Although construction adjudication awards can be challenged through arbitration or litigation, more than 99% of adjudication awards are not challenged. Decisions are often “water under the bridge” by the time a project is completed and legal challenges are rarely successful in court or arbitration.
Like the new Ontario process, the SCL adjudication process is voluntary. However, it is not limited to payment disputes. It can be used for any kind of technology dispute.
SCL adjudication is meant to be fast, largely document-based, and completed within three months.
The adjudicator’s decision is “provisionally binding.” The parties must comply with the decision – for example, to pay a sum of money or to provide specific products or services – but either party may challenge the decision, either in court or to an arbitrator, depending on the terms of their contract. The decision becomes final and binding, if it is not challenged within six months of the award.

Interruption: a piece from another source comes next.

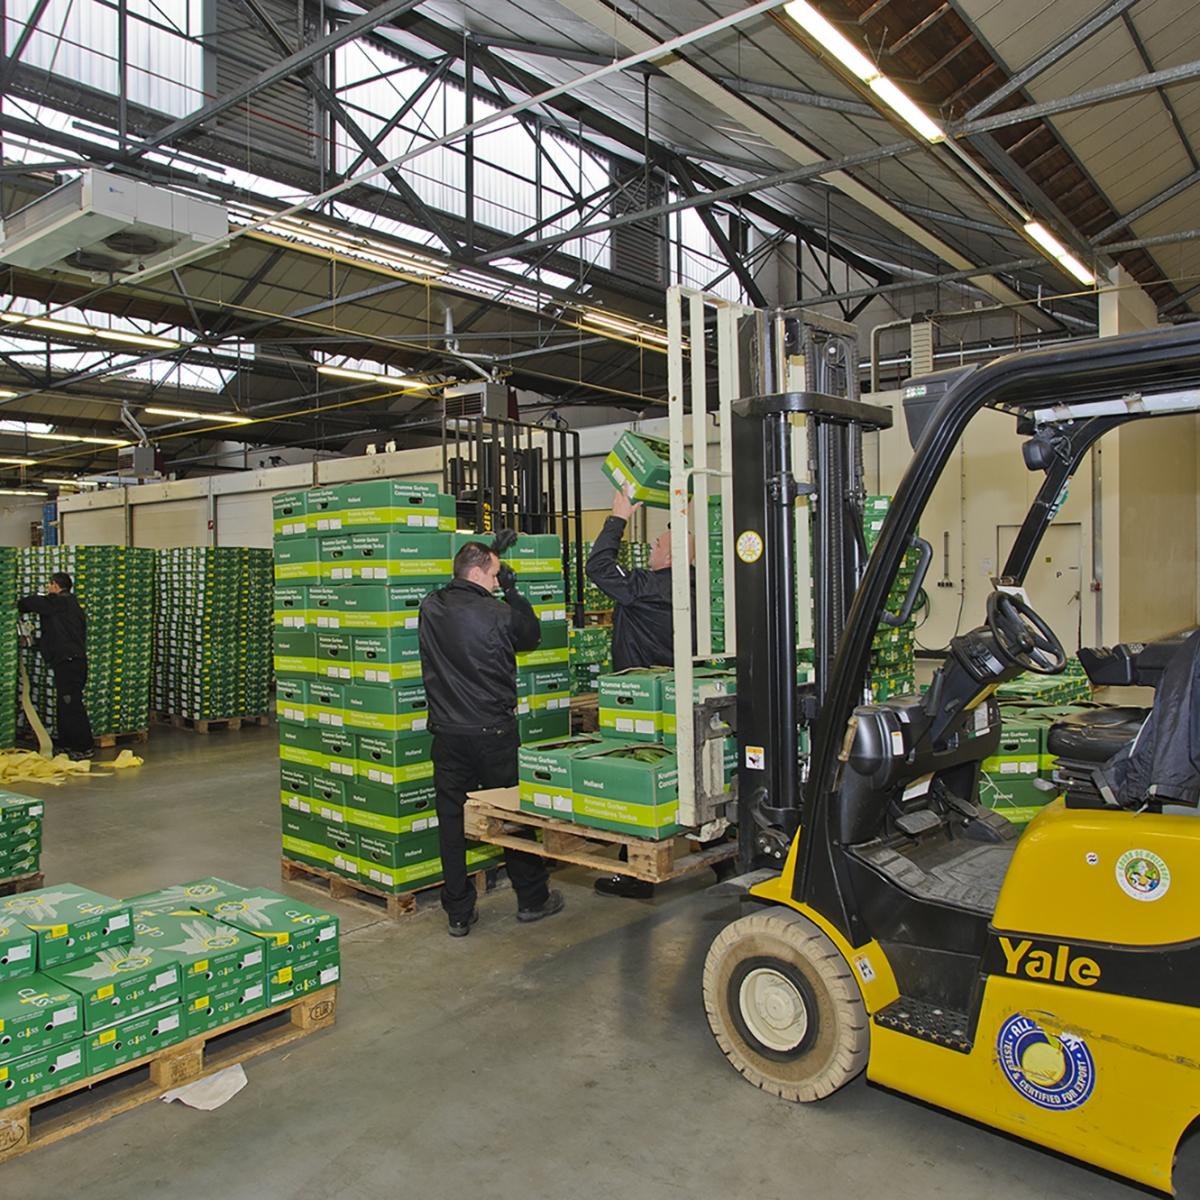 Komkommers en tomaten rechtstreeks uit de Westlandse kassen. Verser kan haast niet: het succesverhaal van Witkamp
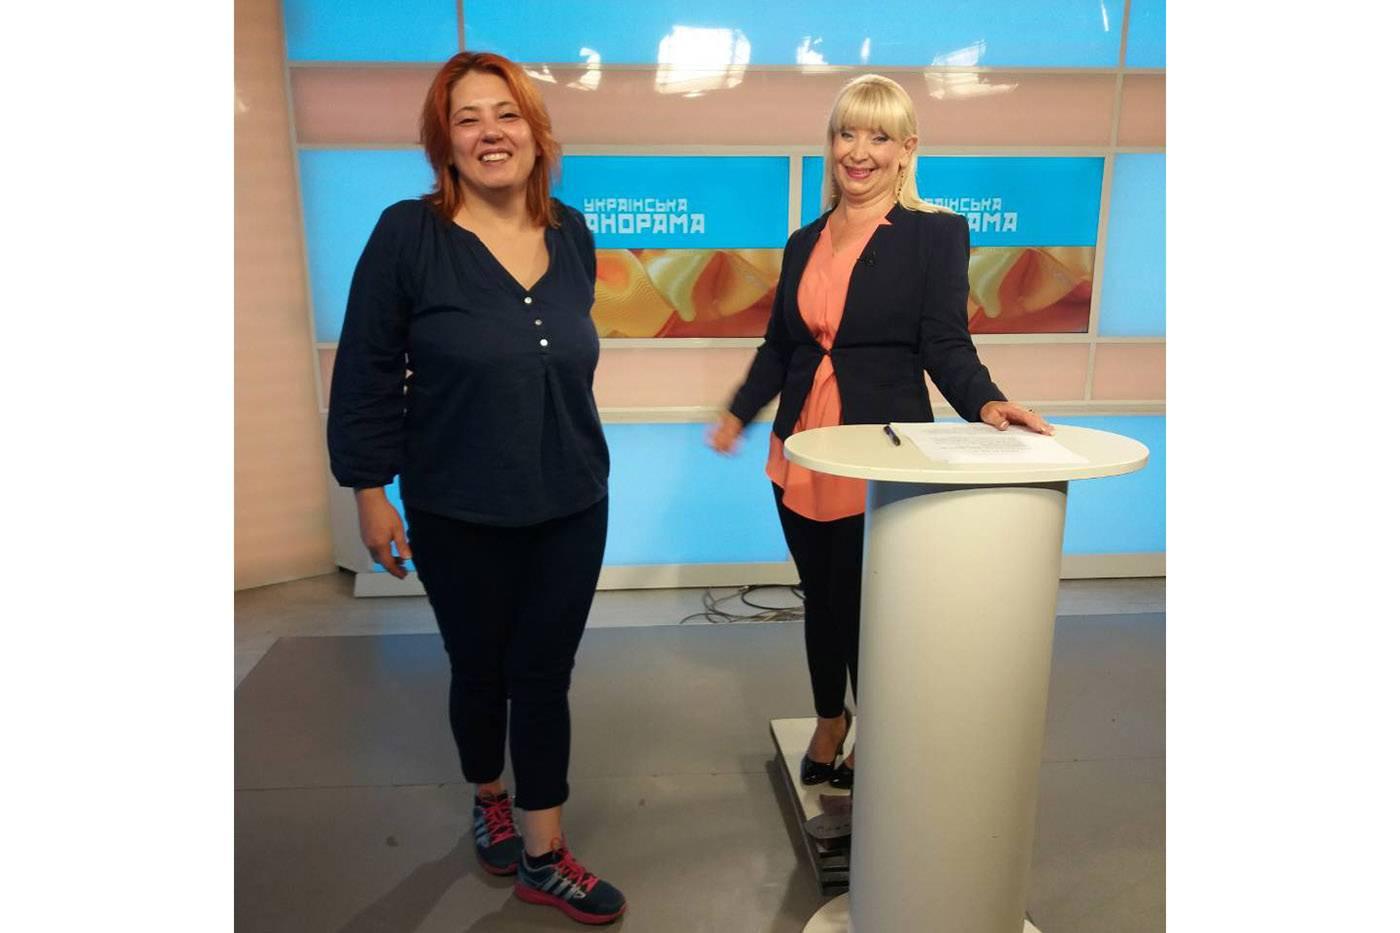 Мария Виславски (справа) работает ведущей на местном телевидении в Новом Саде и украинской рассказывает о событиях, касающихся украинской общины в Сербии

The rules expressly require all parties to act in good faith and co-operate through the adjudication process. They also require the adjudicator to conduct the process in a timely and cost-effective manner and avoid unnecessary expense.
SCL is in the process of setting the qualifications for adjudicators and establishing a panel from which parties can choose a suitable adjudicator.
There are two opportunities to appoint an adjudicator: when the contract is signed or when a dispute arises. Appointing an adjudicator in the contract avoids potential delays when a dispute arises and means that the adjudicator is familiar with the parties and the contract. This can help speed the decision-making process. No need to bring a stranger up to speed, when time is a critical factor. On the other hand, an ad hoc appointment when a dispute arises may provide a “fresh pair of eyes” and allow appointment of an adjudicator with particular expertise relating to the issues in dispute. The downside is that there can be delays in choosing an adjudicator – especially if one of the parties doesn’t want to co-operate.
One interesting question is whether an SCL adjudication award would be considered to be an arbitration award under the New York Convention, meaning that the award could be enforced in other jurisdictions (presumably after the 6-month window to challenge it has ended). There was some uncertainty about this at a discussion I attended at a meeting of the International Technology Law Association recently.
Perhaps this is not an issue for the SCL, which developed the process specifically for the domestic technology industry in England, but it could be problematic if similar schemes are adopted for international technology contract disputes.
It will be interesting to see how these two initiatives in Canada and the UK unfold and whether there is significant buy-in from industry participants. Since both are voluntary and depend on agreement of the parties – either in their initial contracts or when disputes arise – it may take some time before we see widespread adoption. But I expect that the speed and cost benefits will encourage many to give it a try.